This book is an intervention -
Chapter 5
The case for interpretive techniques in machine learning
By Razvan Amironesei, Emily Denton, Alex Hanna, Hilary Nicole, Andrew Smart
Many modern AI systems are designed to ingest and analyze massive datasets so as to make recommendations, predictions, or inferences on unseen inputs ranging from images to pieces of text and other forms of data. These datasets often reflect patterns of inequity that exist in the world,1 and yet the data-driven nature of AI systems often serves to obscure the technology’s limitations within a pervasive rhetoric of objectivity.2 As AI technologies and methods are increasingly incorporated into all aspects of social life, often in ways that increase and accelerate existing social inequities, this is especially important. In this piece, we examine how and why appeals to objectivity are so deeply embedded in technological discourses and practices. As Ruha Benjamin notes, routing algorithmic bias through a rhetoric of objectivity can make it “even more difficult to challenge it and hold individuals and institutions accountable.”3 Our starting question is: how, and under which conditions, do truth claims that are embedded in algorithmic systems and associated data practices function as a justification for a myriad of harms?
A way for us to answer this question lies in understanding and accounting for how material artefacts—that is to say the instruments, devices, and sociotechnical systems—contribute to an understanding of algorithmic systems as objective or scientific in nature. Of these artefacts, benchmark datasets play a crucial role in the constitution of the machine learning life cycle. These datasets are used in the training and development of artificial intelligence. They establish a “gold standard” for specific AI tasks, defining the ideal outputs of an AI system for a set range of exemplar data inputs. Benchmark datasets can be understood as measurements for assessing and comparing different AI algorithms. Within AI research communities, performance on benchmark datasets is often understood as indicative of research progress on a particular AI task. Benchmarks are the equivalent of IQ tests for algorithms. Just as IQ tests are controversial because it is unclear what exactly they measure about human intelligence, what benchmark datasets are supposed to be measuring about algorithms has never been fully articulated. And while the role of IQ tests in historically providing justification for white supremacist beliefs is well recognised, despite these data infrastructures having significant social impact through the dissemination of unjust biases, they remain strikingly under-theorised and barely understood, or even acknowledged, in the public sphere. In what follows, we will address benchmarks via two definitions which entail, as we will see, different types of problems and critiques.
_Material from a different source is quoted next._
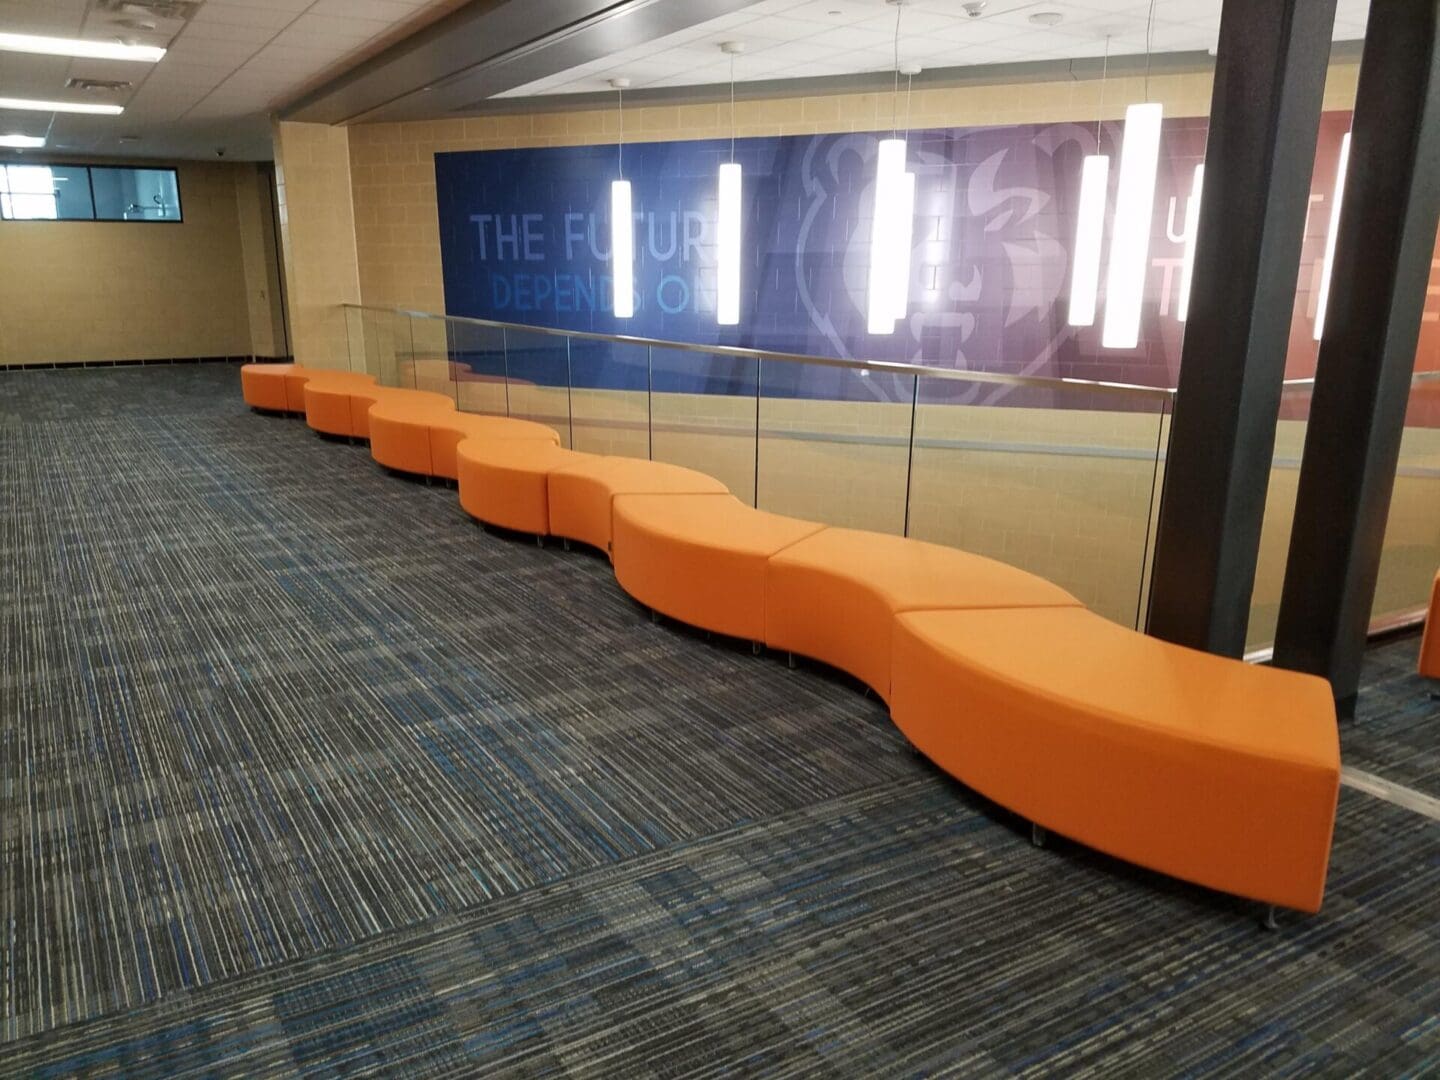 A row of orange benches in front of a wall.

Defined from a purely technical perspective, a benchmark is “a problem that has been designed to evaluate the performance of a system [which] is subjected to a known workload and the performance of the system against this workload is measured.” The objective is to compare “the measured performance” with “that of other systems that have been subject to the same benchmark test.”4
In order to illustrate the limits of a purely technical understanding of benchmark datasets, let’s briefly discuss ImageNet, a large visual dataset which is used in visual object recognition research. Its stated objective is to map “the entire world of objects.”5 The dataset contains more than 14 million hand-annotated images, and was one of the largest created at the time, making it one of the most important benchmark datasets in the field of computer vision. However, as research led by Kate Crawford and Trevor Paglen has illustrated, ImageNet does more than annotate objects with relatively straightforward descriptions (such as “apple”, “round” or “green”).6 The dataset contains a significant number of categorisations which can only be described as depreciative and derogatory. For instance, a photograph of a woman in a bikini is labelled “slattern, slut, slovenly woman, trollop” and a man drinking a beer as “alcoholic, alky, dipsomaniac, boozer, lush, soaker, souse.” So, how is it that morally degrading, misleading, and defamatory descriptions shape the purportedly objective structure of the benchmark dataset?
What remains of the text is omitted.